Even if we interpret this as a small decline in trust, participants seemed willing to take a reasonable “leap of faith”, given an aberrant recommendation. Consistent with this, we can see that the mean weight of advice for the first adjusted trial (0.499) is considerably higher than the mean weight of advice for all the trials in the adjusted phase (0.32, as seen in Table 1).
Discussion
We had participants complete a perceptual task where they issued a pair of judgements about the proportion of colours in a display. The first judgement was performed unaided, and the second judgement was performed after receiving a recommendation on the true proportion from an agent. The degree to which participants shifted their response in favour of the recommendation is designated weight of advice and captures a behavioural measure of trust.

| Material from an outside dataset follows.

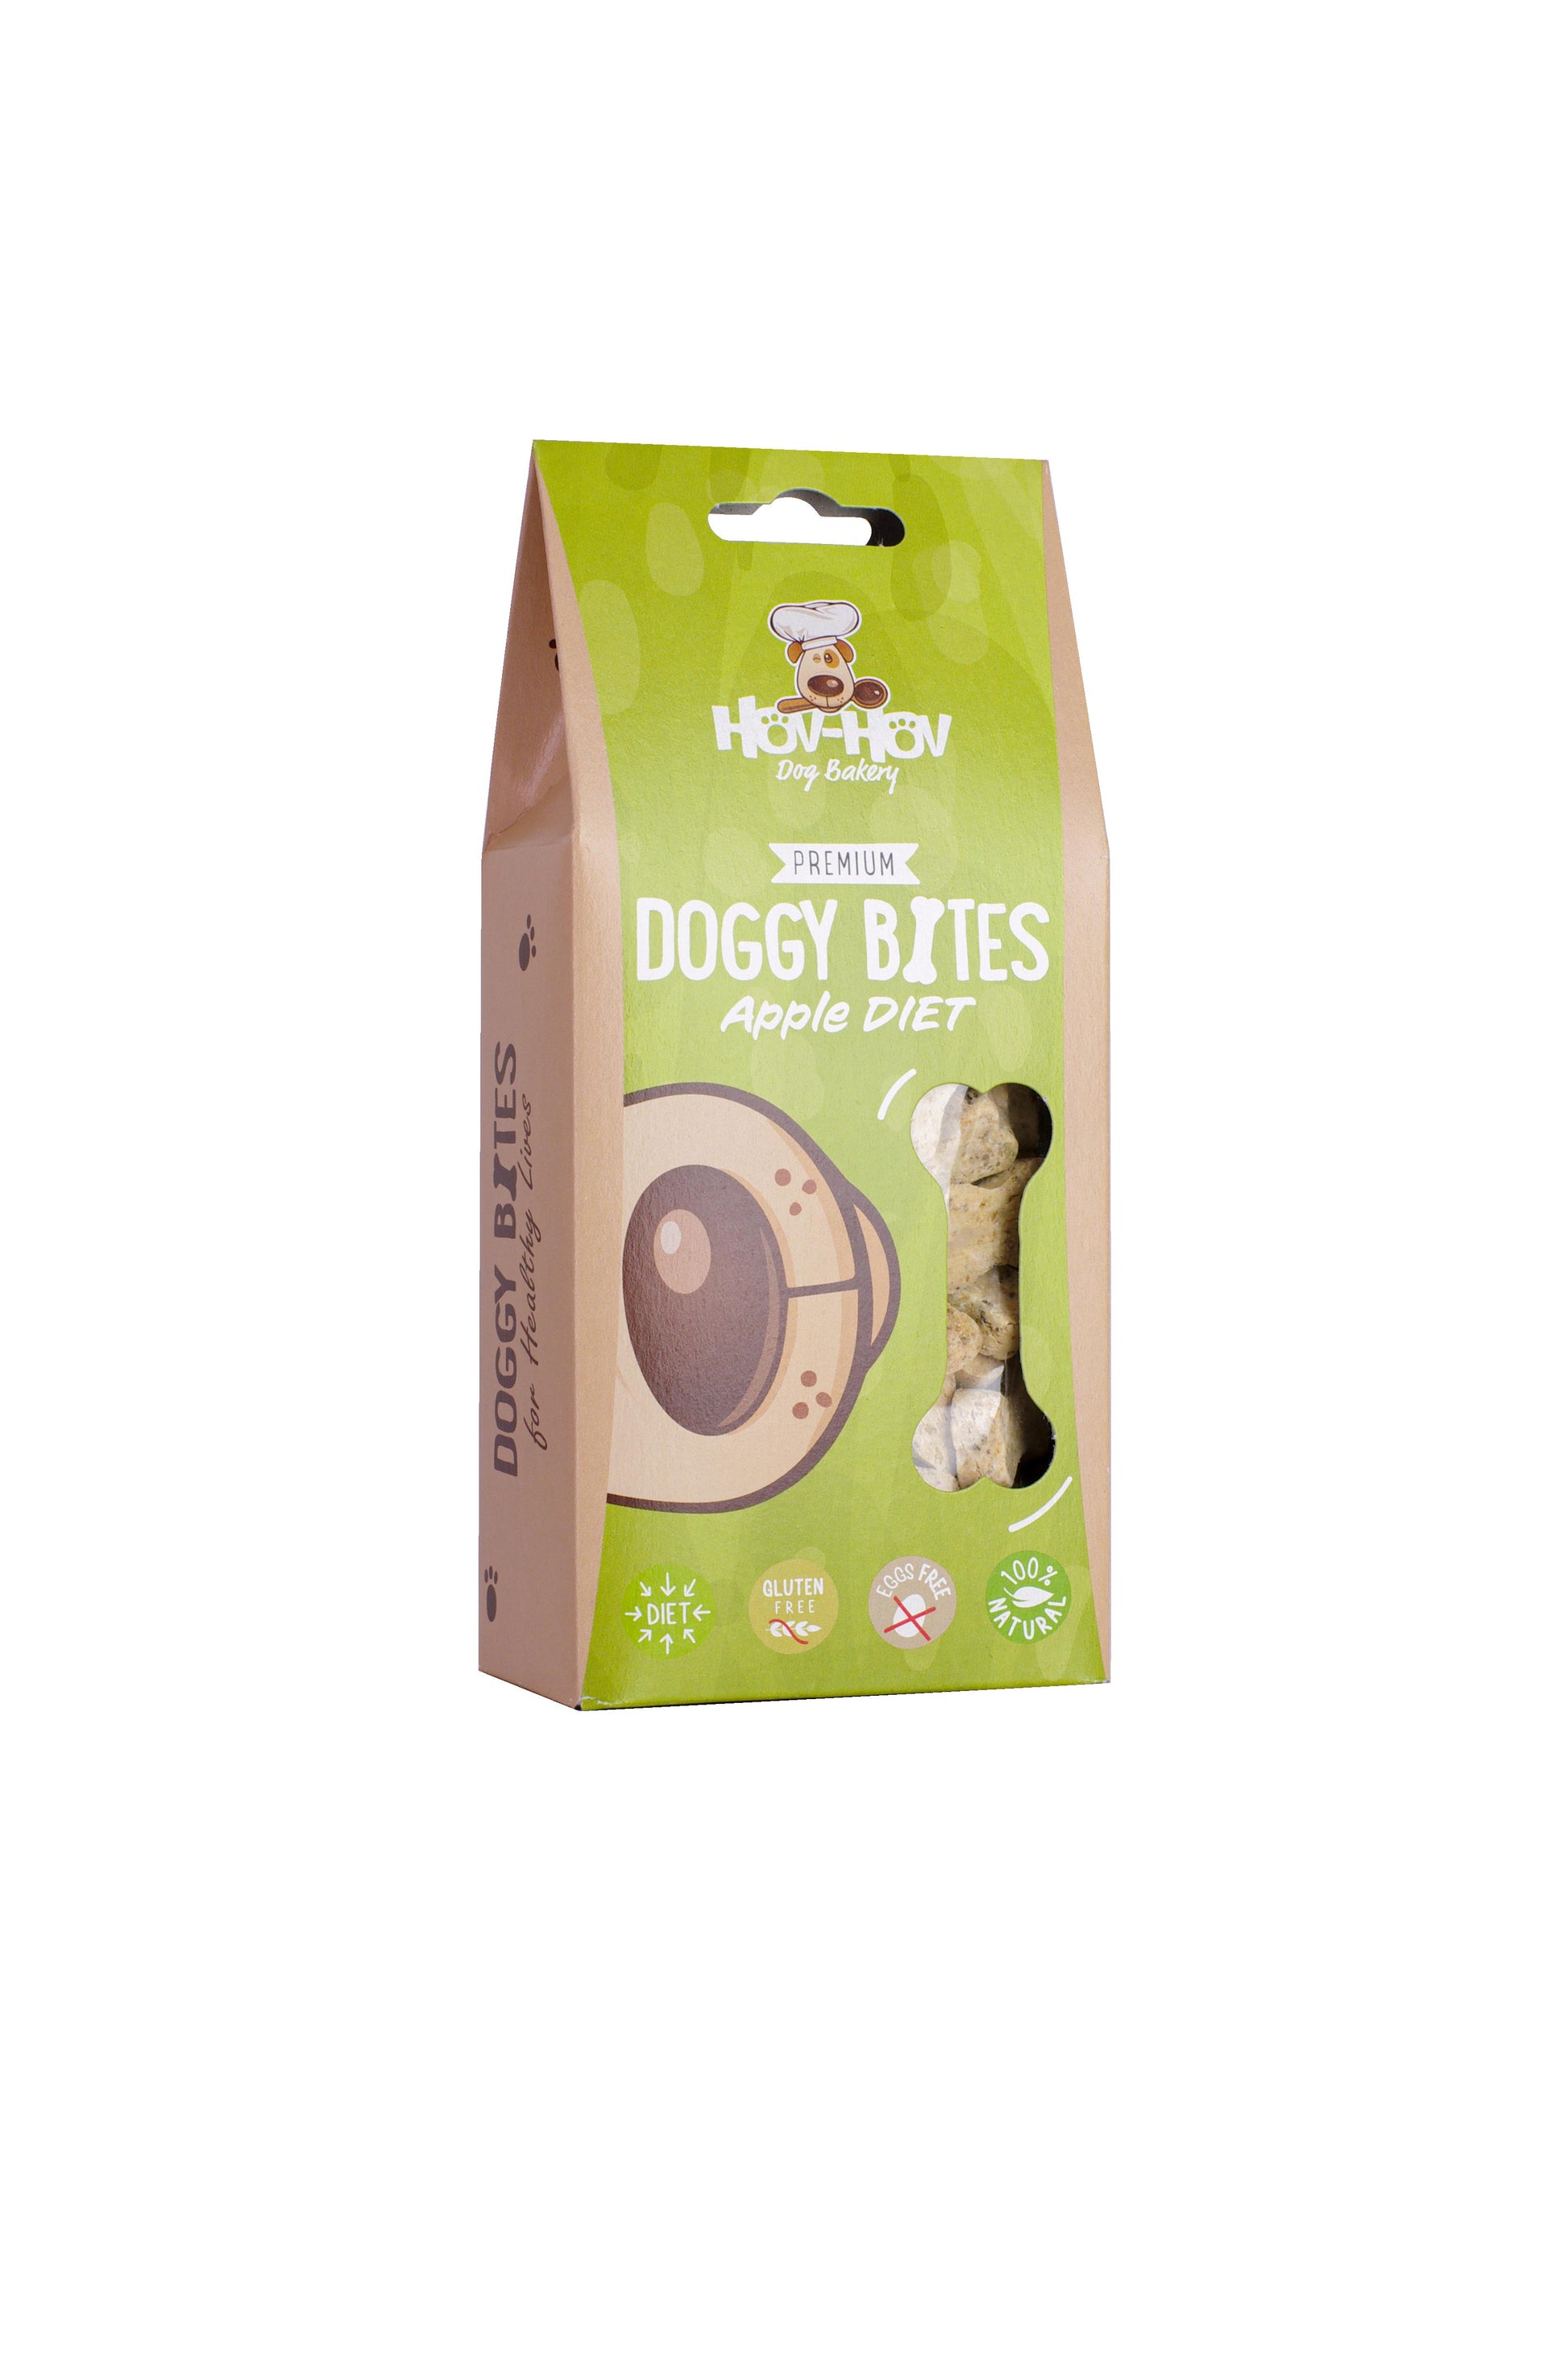 GALLETAS NATURALES DOGGY BITES 150GR APPLE DIET(manzana light)

Consistent with previous literature, participants were sensitive to the accuracy of recommendations. Reducing the accuracy of the recommendation led to a marked decline in the weight participants were willing to put on the recommendation. When the accuracy of the recommendation was restored, in the post phase, participants regained trust but not to the level they originally held in the pre phase. A simple explanation here might simply be that trust, once lost, is difficult to gain. This finding is consistent with Yu et al. (2017), Yaniv and Kleinberger (2000), and is sometimes referred to as trust asymmetry (Poortinga & Pidgeon, 2004). Significantly, this effect has been demonstrated to be more pronounced in human–machine trust, with Dietvorst et al. (2015) finding that participants lose more trust, in response to low quality recommendations, when they believe the recommendations are coming from a machine agent rather than a human.
Trust is quick to lose, slow to gain
Yu et al. (2017) examined the way that participants responded to automation failures and successes, and found trust declined more in response to automation failures, than it increased in response to successes. Similarly, Yaniv and Kleinberger (2000) employed the judge–advisor paradigm and assigned participants to one of two conditions involving either accurate, or inaccurate recommendations in the first block of the experiment. Subsequently, the quality of the recommendations, in both conditions, became similar (average). Yaniv and Kleinberger observed that participants’ weight of advice declined more from the accurate to average condition, than it increased from the inaccurate to average condition. Yaniv and Kleinberger took this as evidence that trust (or reputation, as they called it), is more easily lost than gained.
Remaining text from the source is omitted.